WHAT YOU SHOULD DO
Find "Conex o automotiva" below and begin at its line; stop after the line with "svěrka rychloupínací, 150mm, 165-300mm, EXTOL". Output those lines exactly, without pictures.
──────── TASK INPUT ────────
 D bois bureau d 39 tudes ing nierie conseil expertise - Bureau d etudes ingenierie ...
────────
──────── TASK INPUT ────────
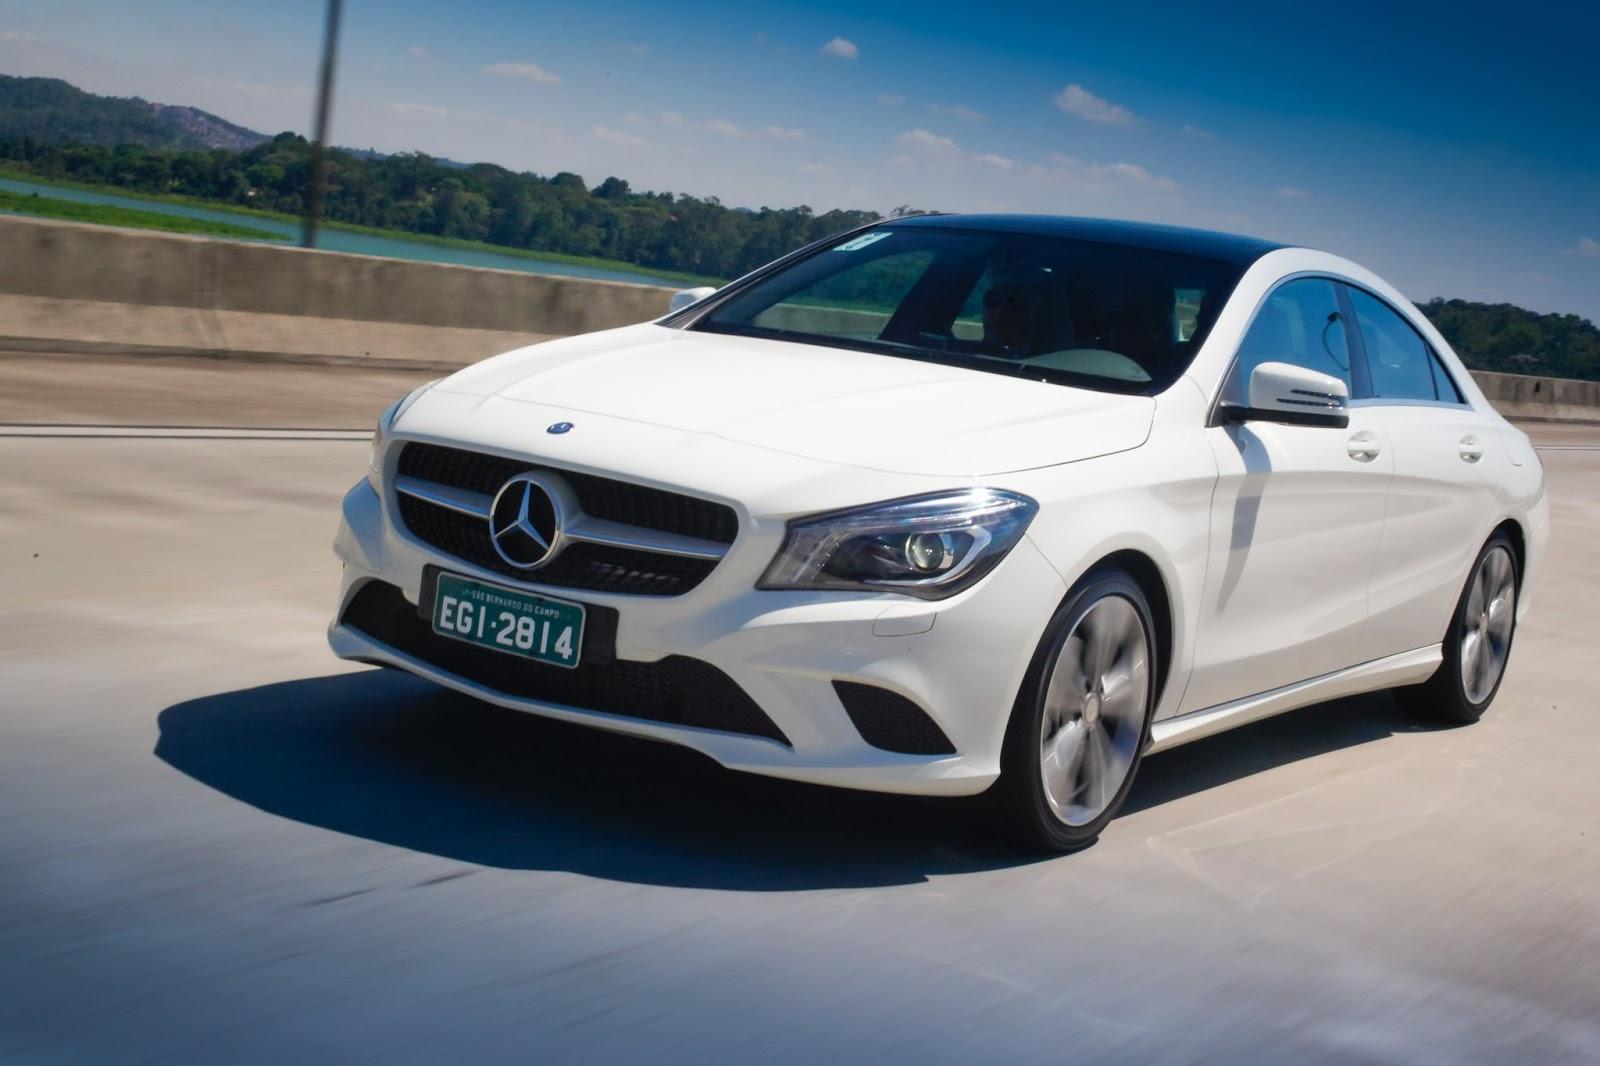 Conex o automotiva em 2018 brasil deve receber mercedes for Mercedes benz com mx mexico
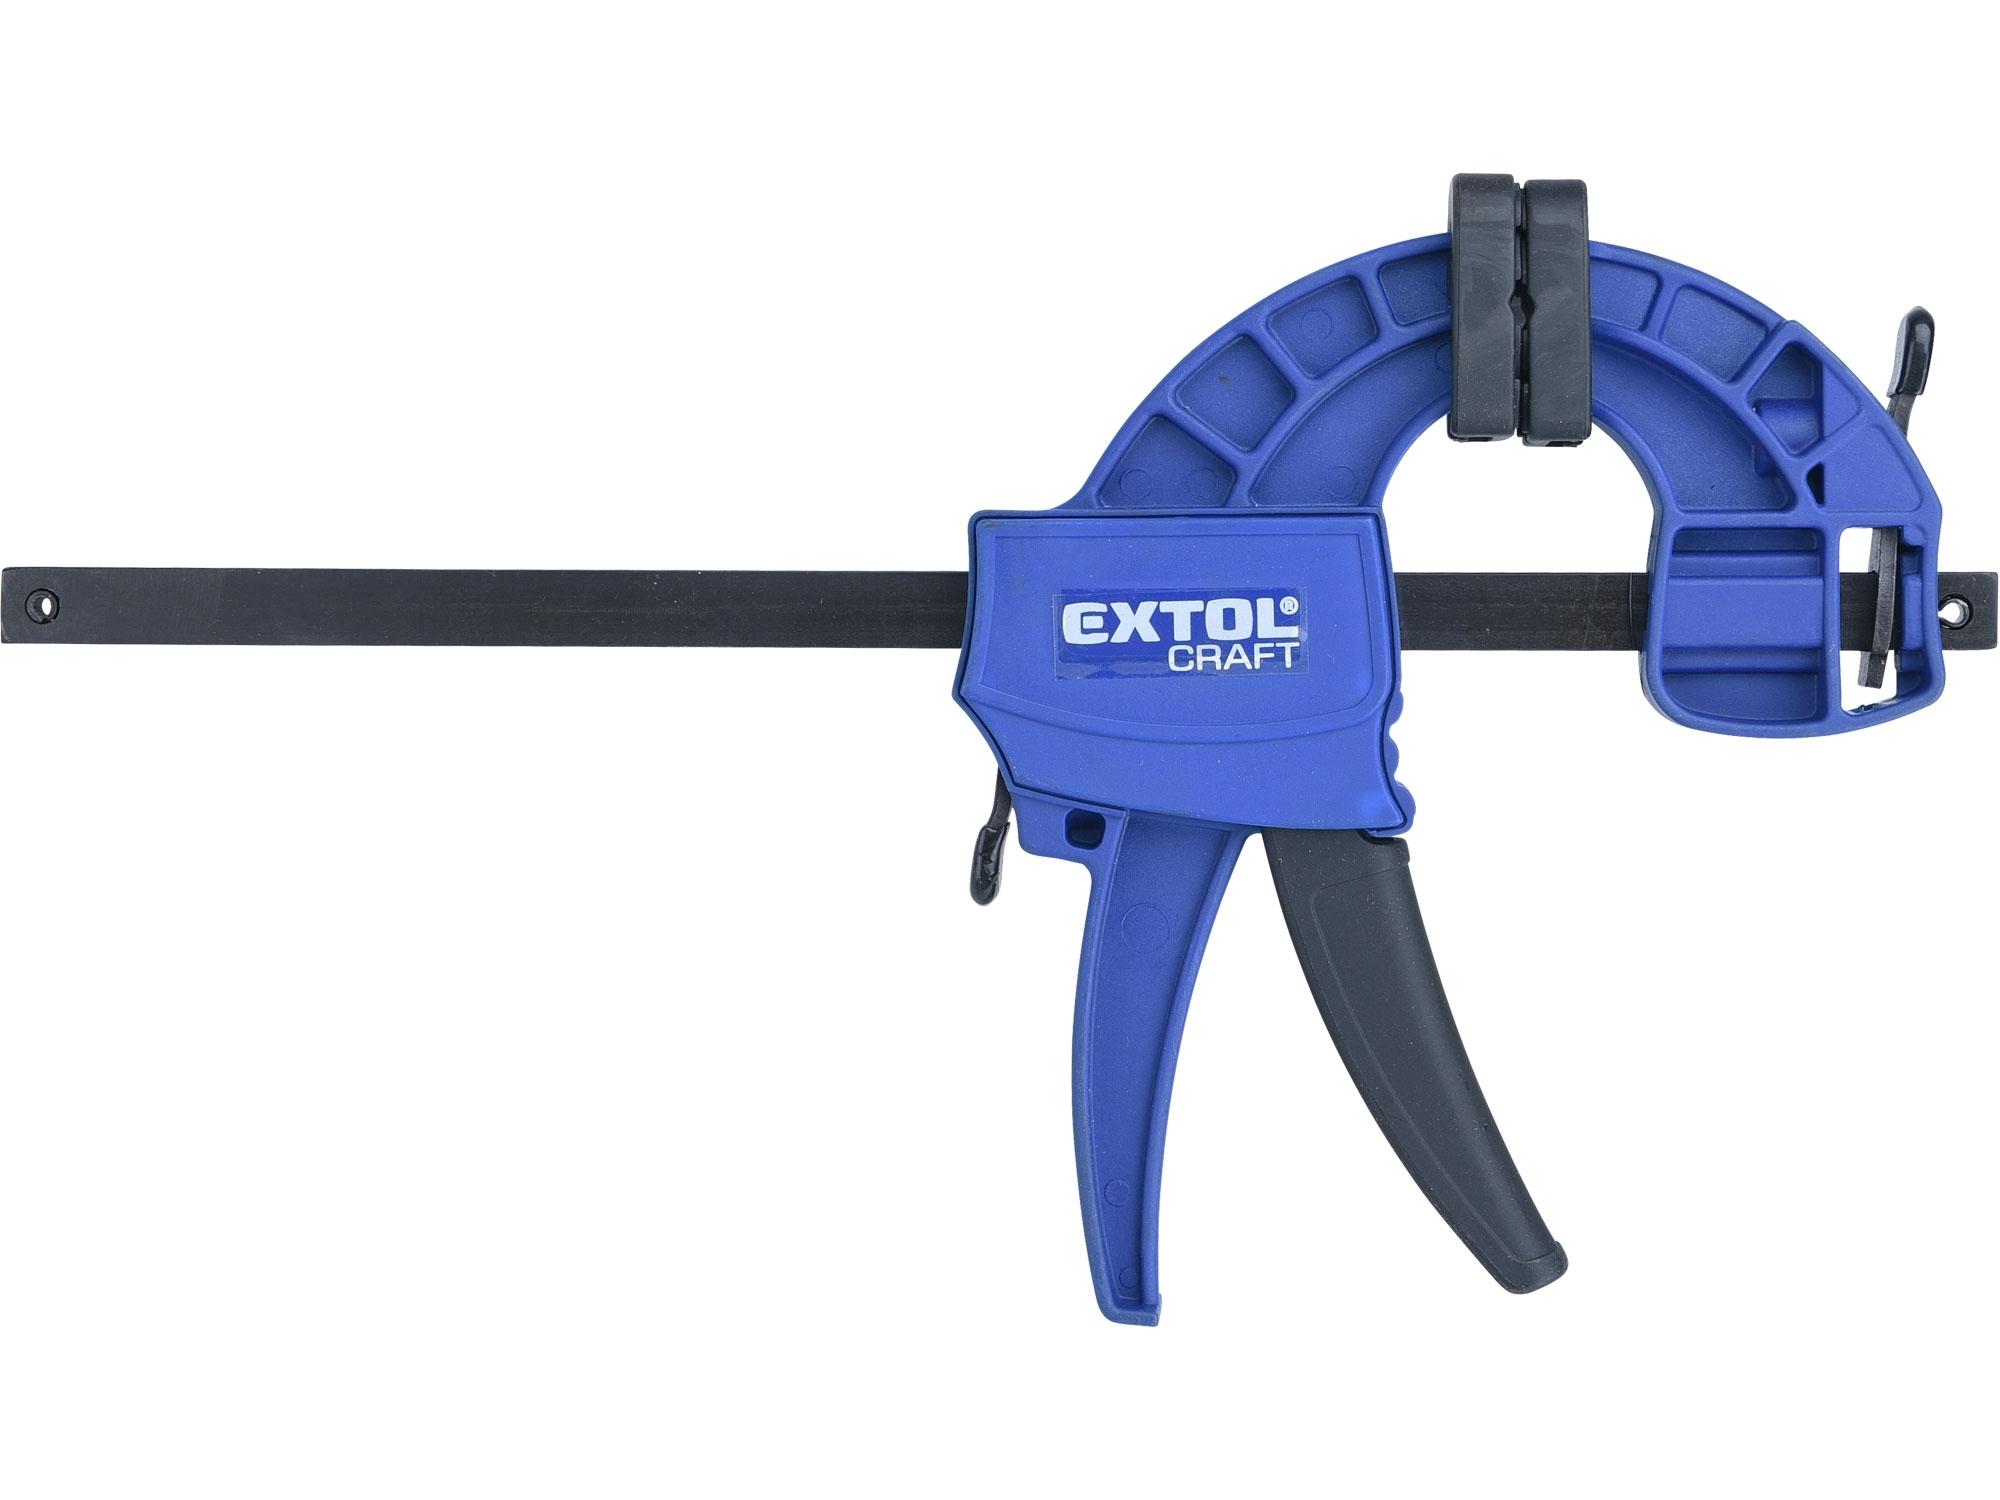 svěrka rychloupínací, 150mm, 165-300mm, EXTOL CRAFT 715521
────────
──────── TASK INPUT ────────
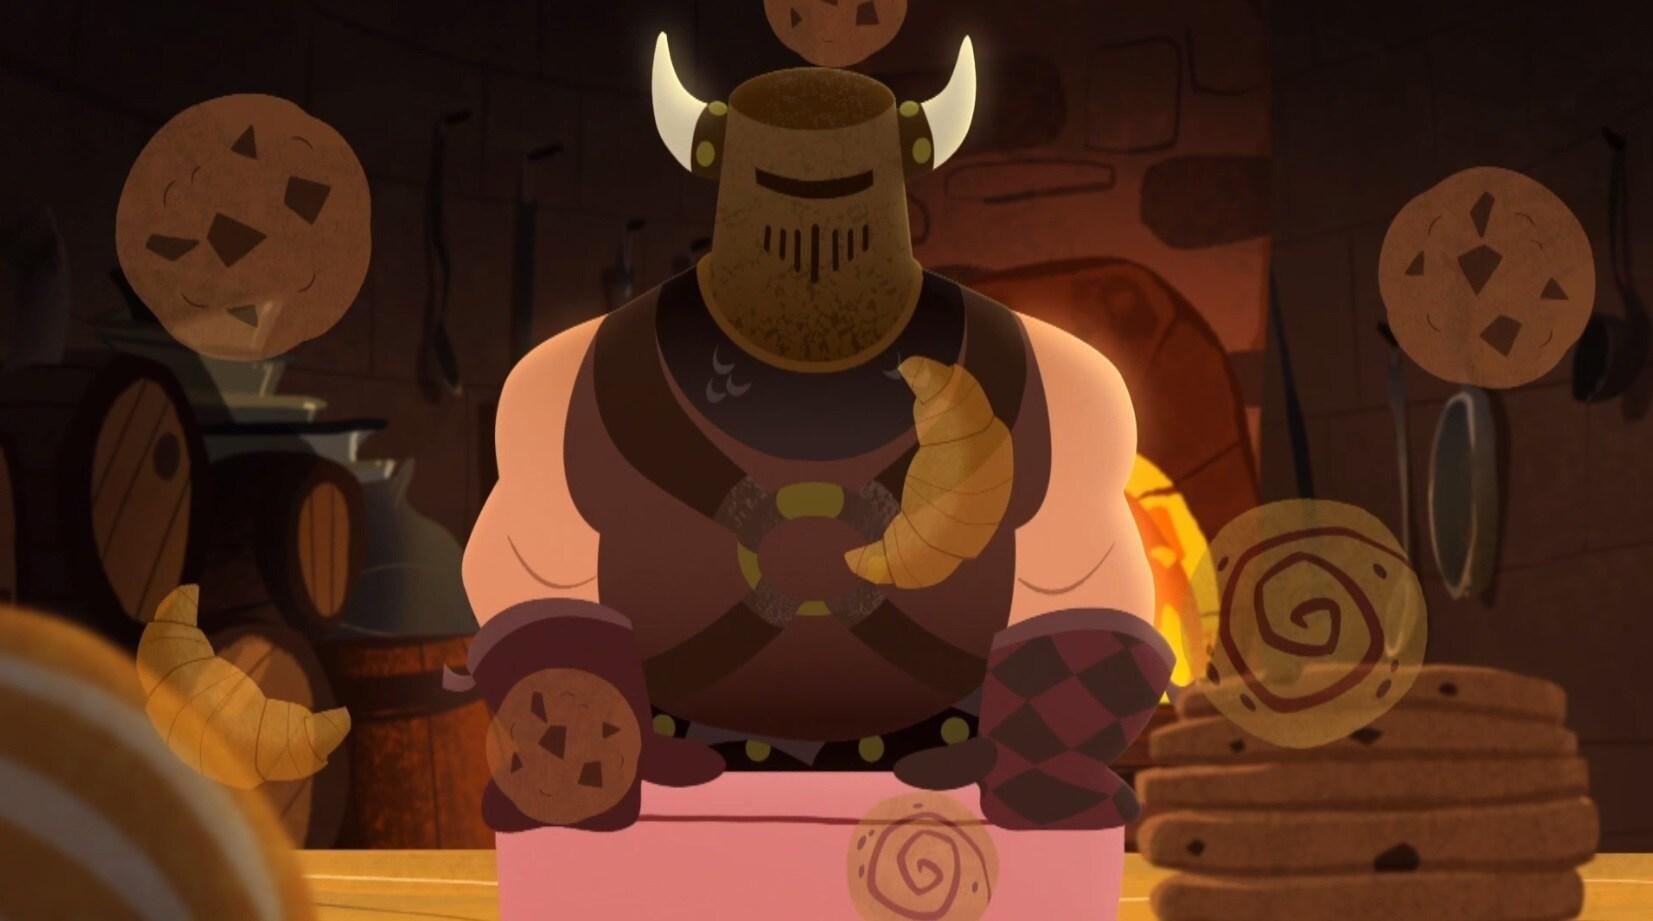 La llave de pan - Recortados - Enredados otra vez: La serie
────────
OUTPUT
 Conex o automotiva em 2018 brasil deve receber mercedes for Mercedes benz com mx mexico
 svěrka rychloupínací, 150mm, 165-300mm, EXTOL CRAFT 715521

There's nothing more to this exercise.